── Study material ──

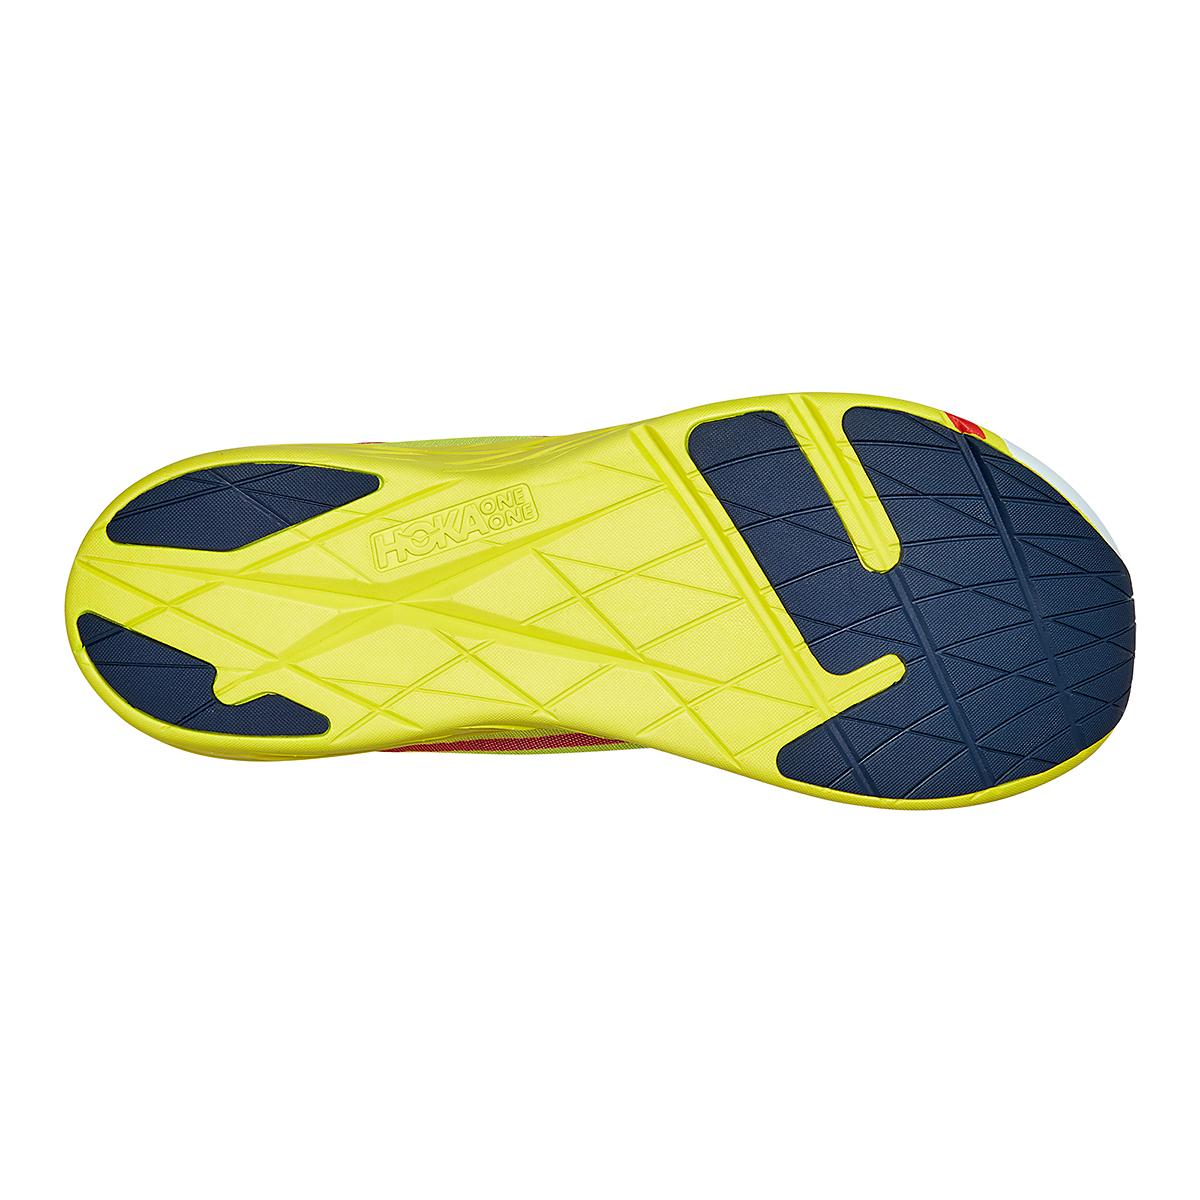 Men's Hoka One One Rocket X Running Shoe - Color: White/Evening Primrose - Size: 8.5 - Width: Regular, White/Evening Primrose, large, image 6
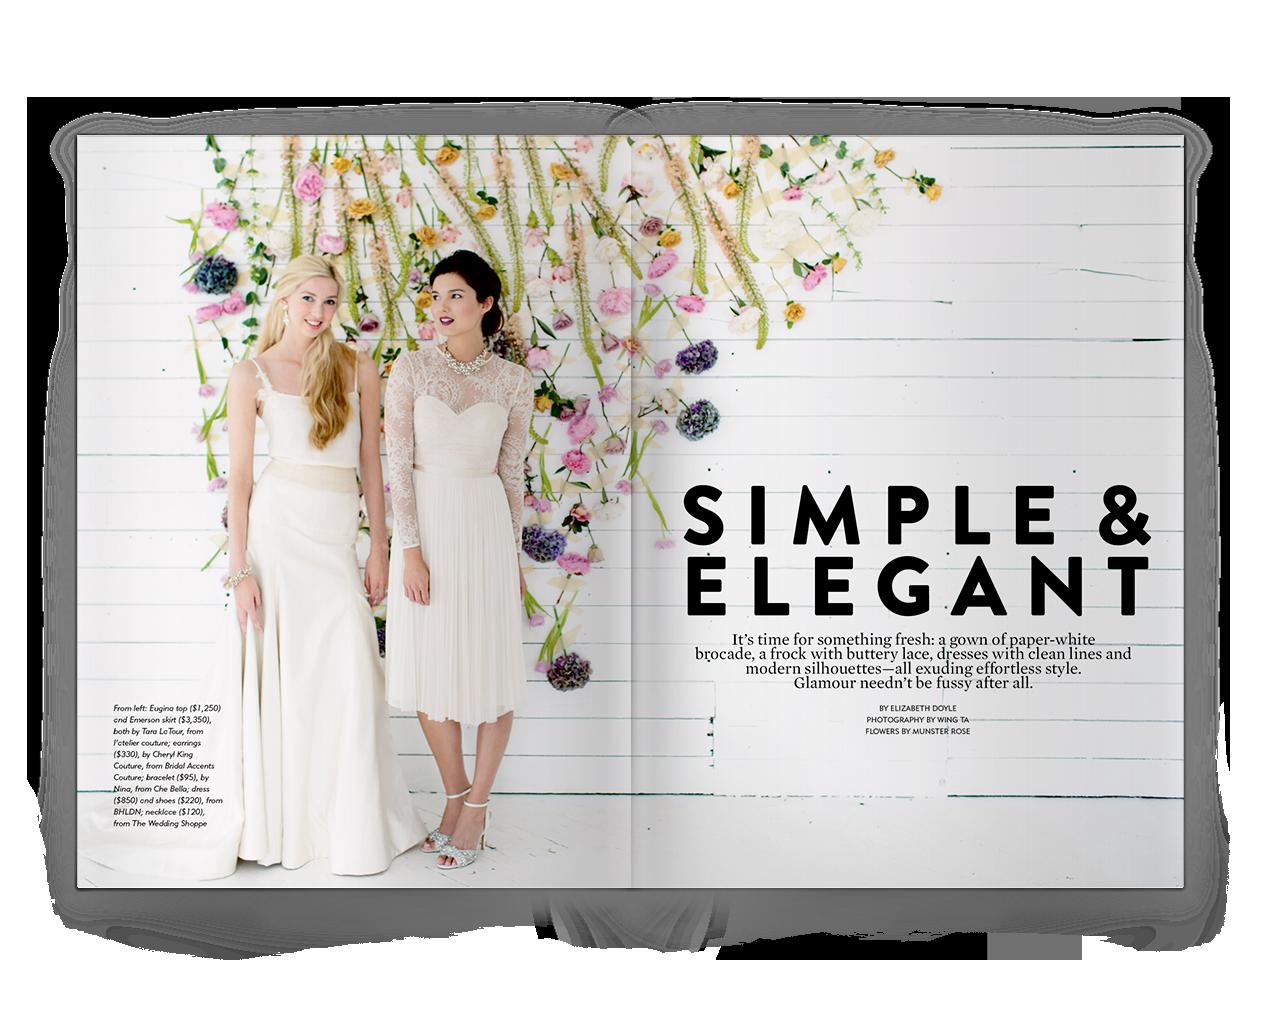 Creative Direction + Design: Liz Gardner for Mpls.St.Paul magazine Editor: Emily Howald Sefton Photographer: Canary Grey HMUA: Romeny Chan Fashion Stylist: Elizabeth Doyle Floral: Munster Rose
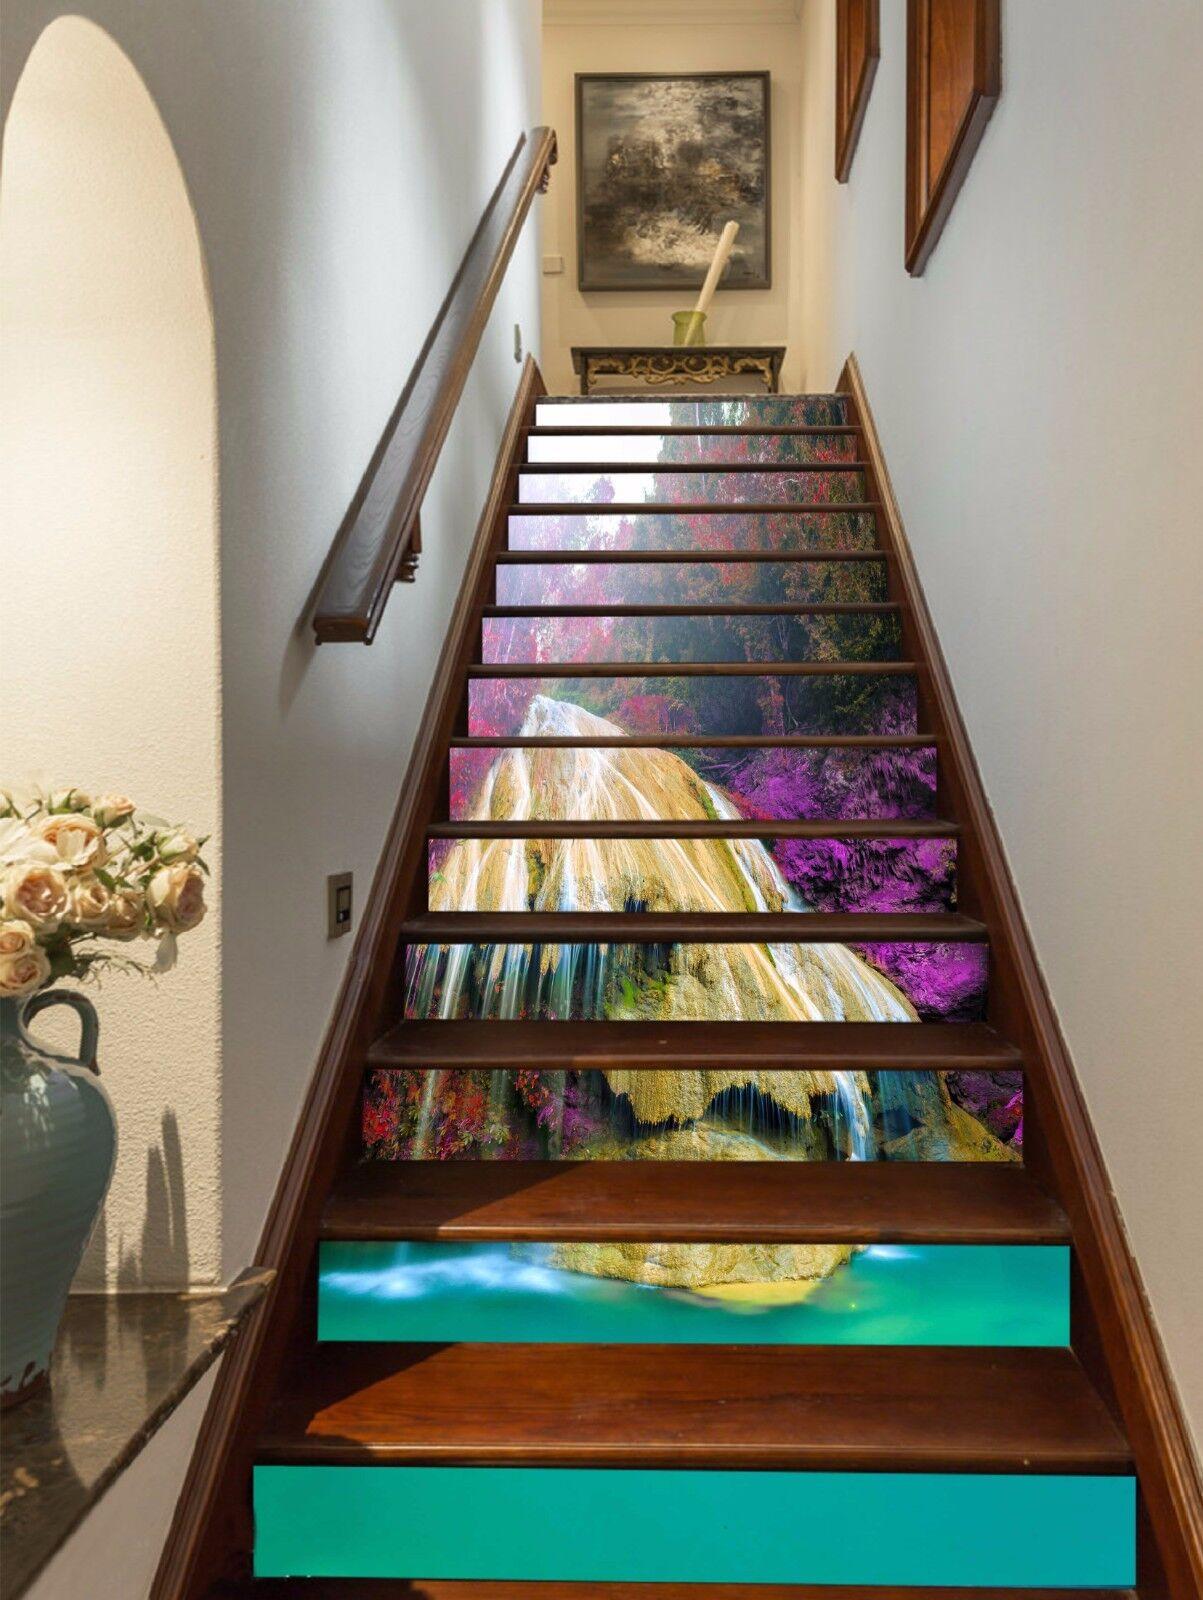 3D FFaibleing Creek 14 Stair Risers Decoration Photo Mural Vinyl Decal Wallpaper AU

───
── Study material ──

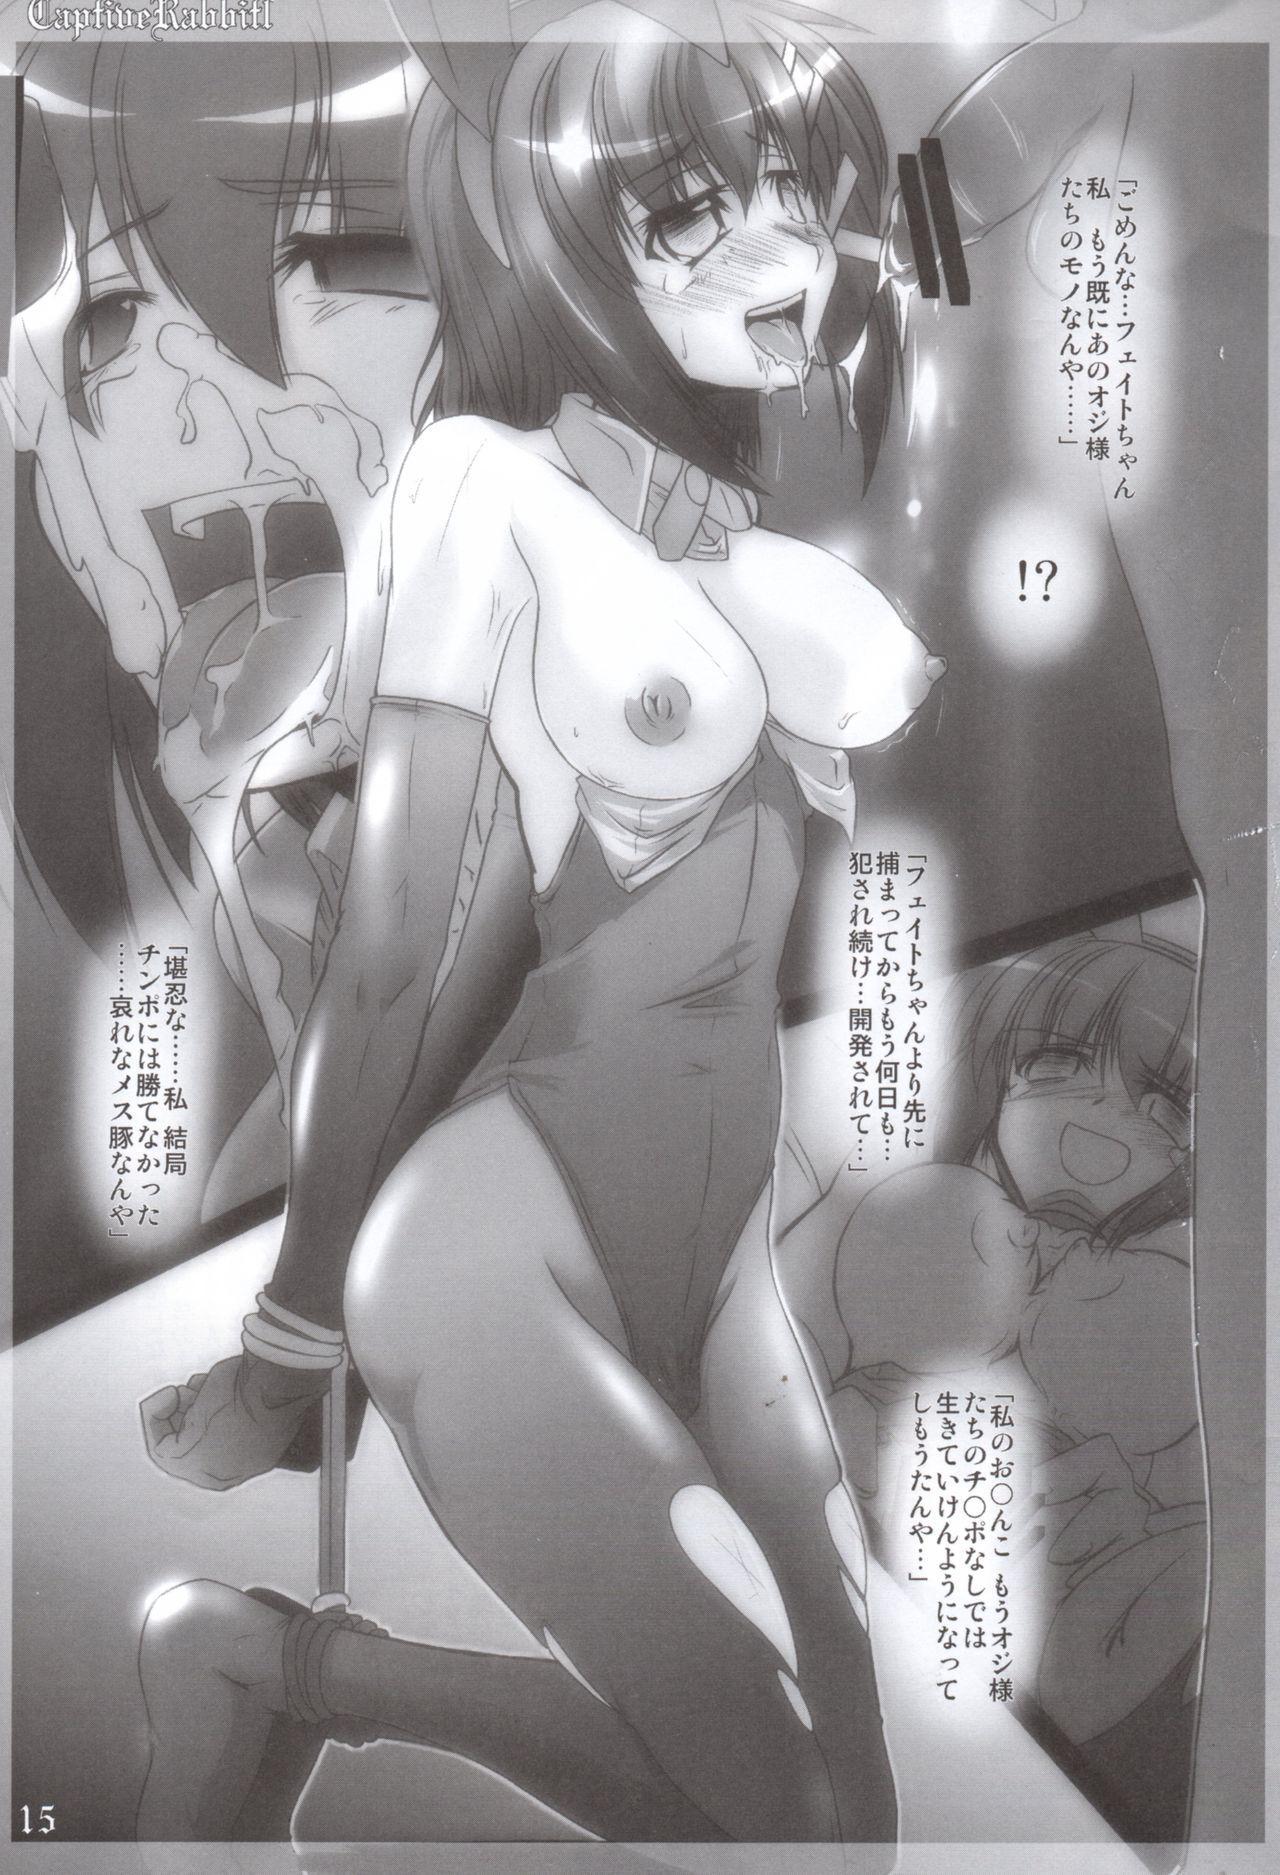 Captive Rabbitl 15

───
── Study material ──

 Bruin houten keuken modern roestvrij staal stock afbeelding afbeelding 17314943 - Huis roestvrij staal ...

───

**What the exercise asks**
Quote the lines above exactly, starting with the one that has "Men's Hoka One" and ending with the one that has "3D FFaibleing Creek"; drop the pictures and include nothing else.

**Response for this exercise**
 Men's Hoka One One Rocket X Running Shoe - Color: White/Evening Primrose - Size: 8.5 - Width: Regular, White/Evening Primrose, large, image 6
 Creative Direction + Design: Liz Gardner for Mpls.St.Paul magazine Editor: Emily Howald Sefton Photographer: Canary Grey HMUA: Romeny Chan Fashion Stylist: Elizabeth Doyle Floral: Munster Rose
 3D FFaibleing Creek 14 Stair Risers Decoration Photo Mural Vinyl Decal Wallpaper AU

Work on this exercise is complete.